**What this task involves**
The listing below should be reproduced precisely, except for its images.

── Data shown ──

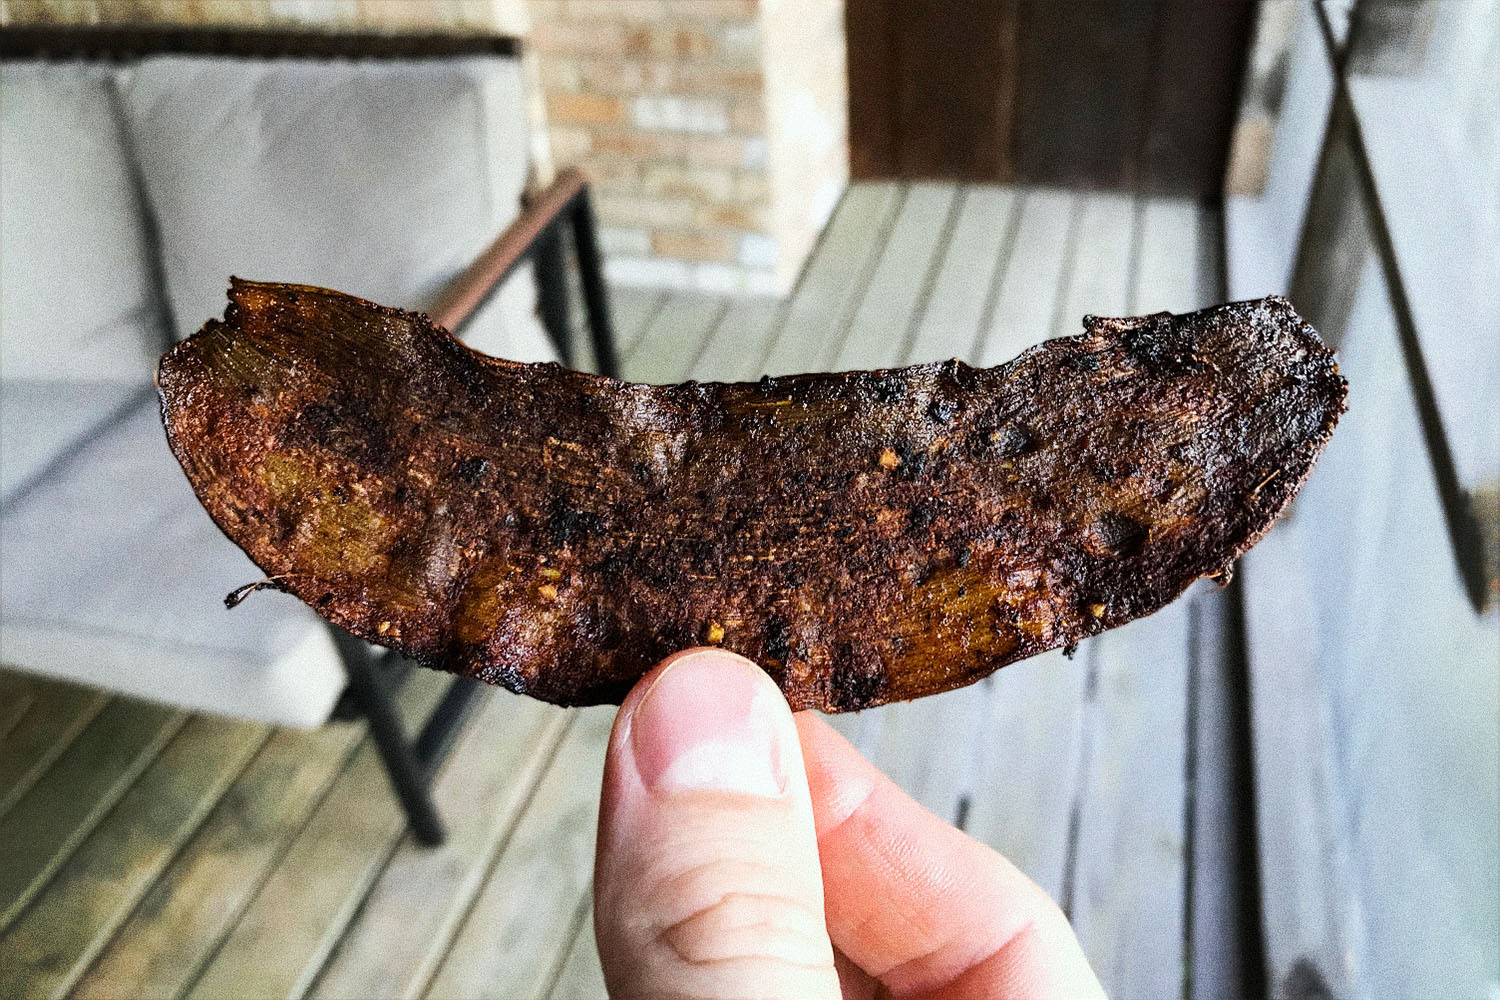 Holding up a crispy piece of banana peel bacon. The fake meat recipe went viral, but is it any good?
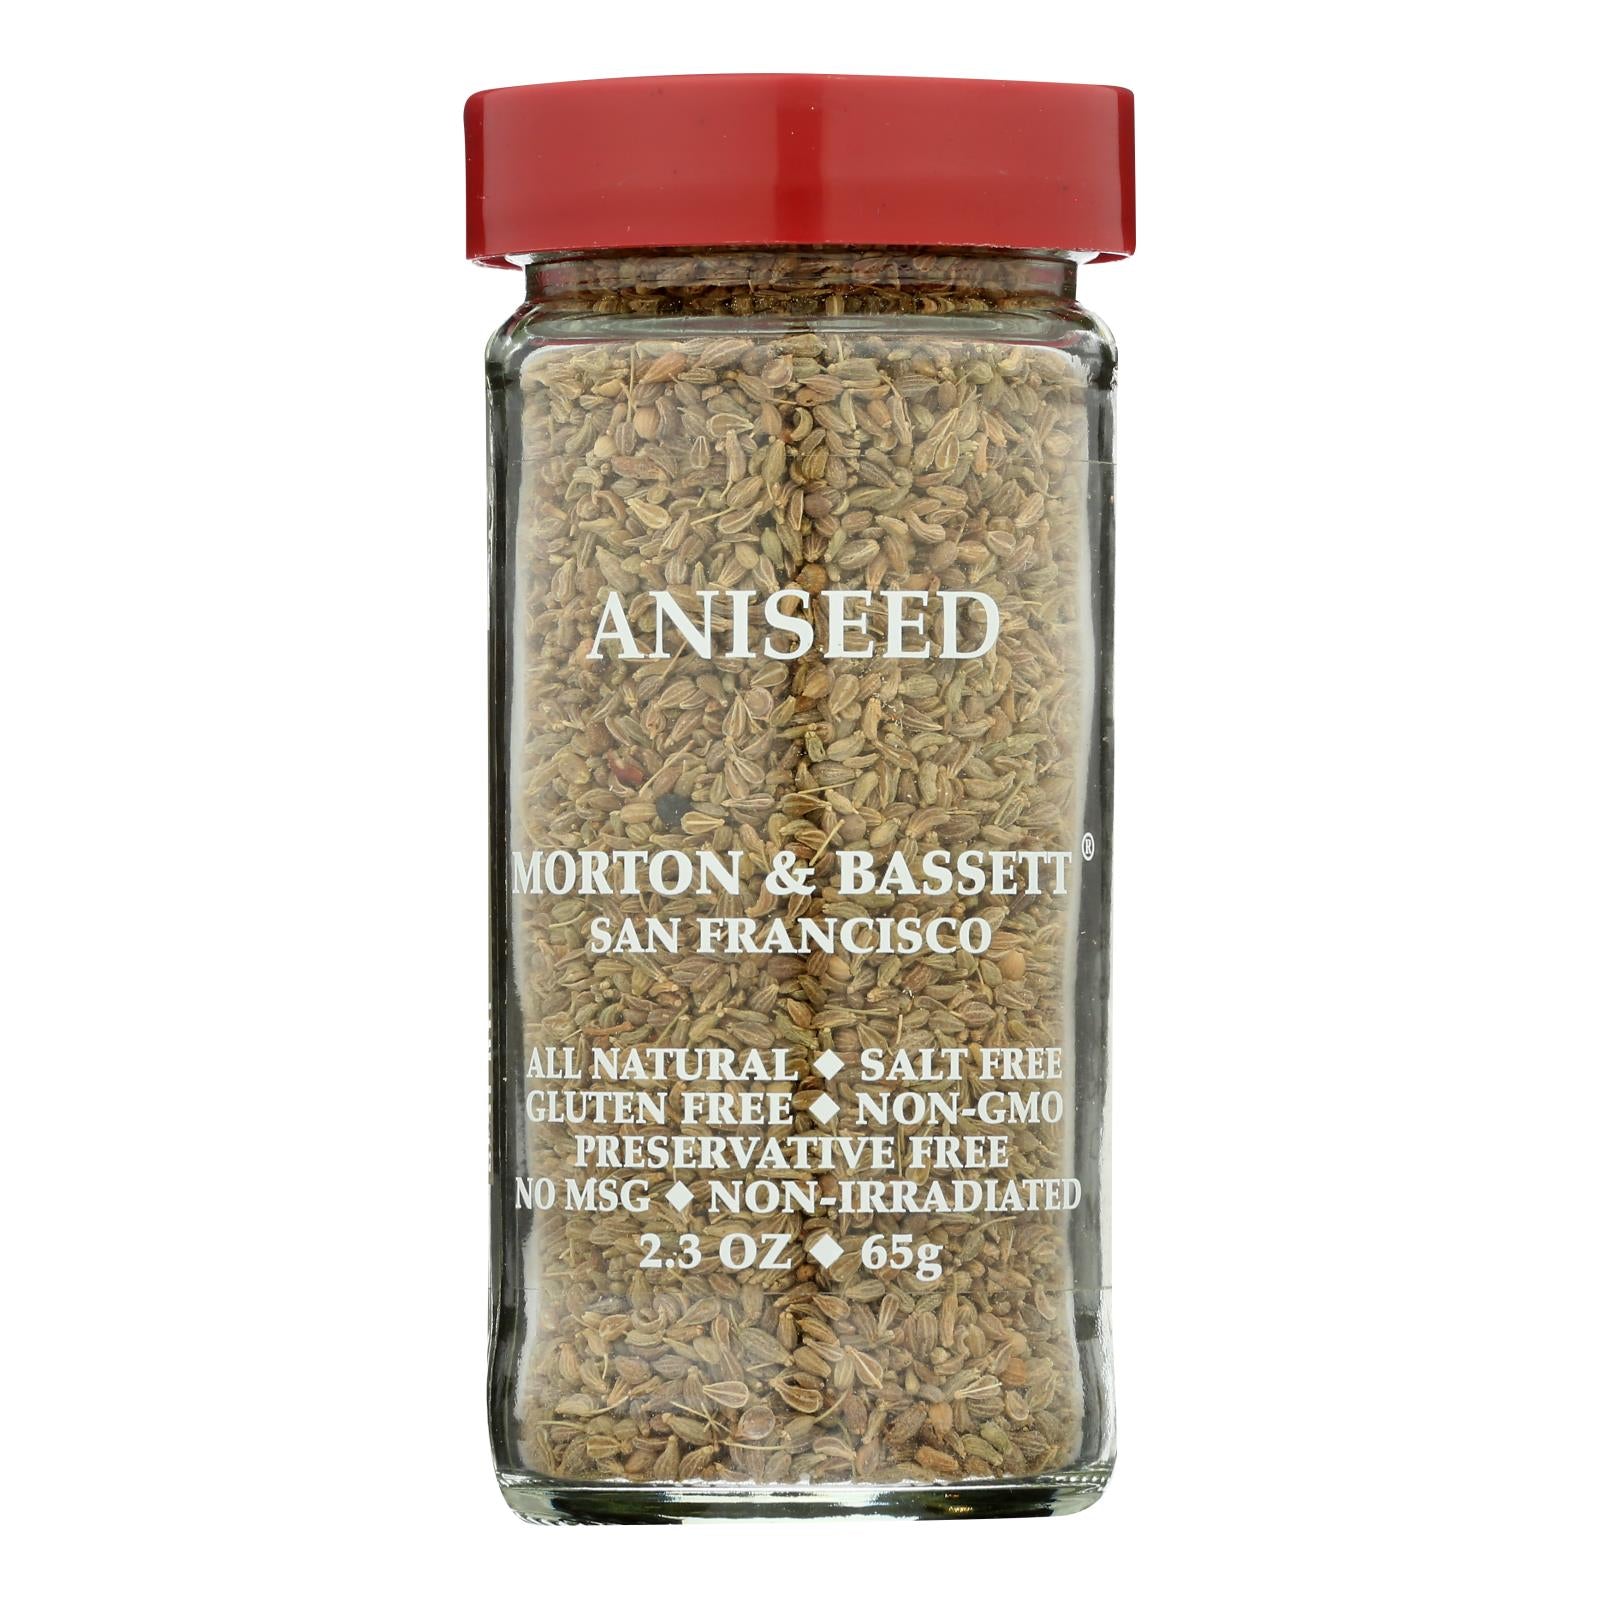 Morton And Bassett Seasoning - Aniseed - 2.3 Oz - Case Of 3 - Whole Green Foods
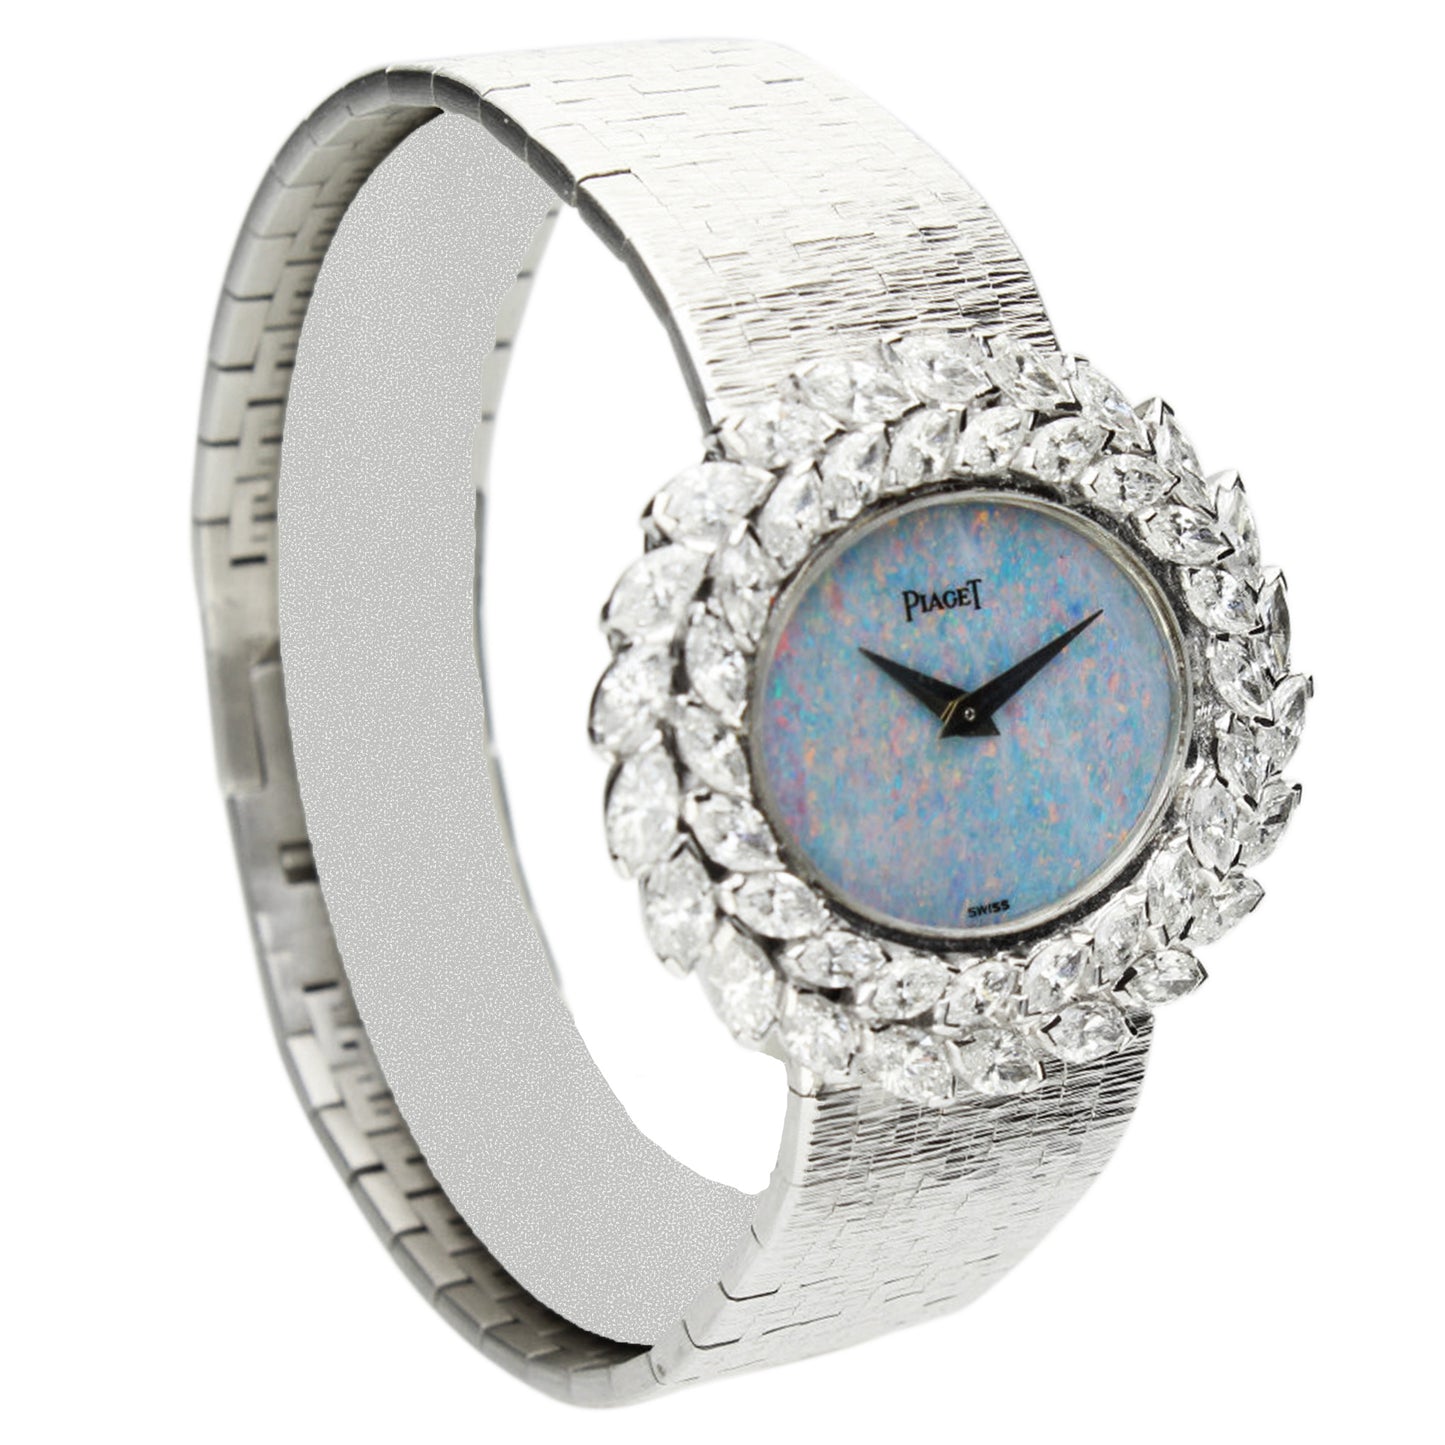 18ct white gold and diamond set, reference 9385 bracelet watch with opal dial. Made 1972

───

**Problem solution**
 Holding up a crispy piece of banana peel bacon. The fake meat recipe went viral, but is it any good?
 Morton And Bassett Seasoning - Aniseed - 2.3 Oz - Case Of 3 - Whole Green Foods
 18ct white gold and diamond set, reference 9385 bracelet watch with opal dial. Made 1972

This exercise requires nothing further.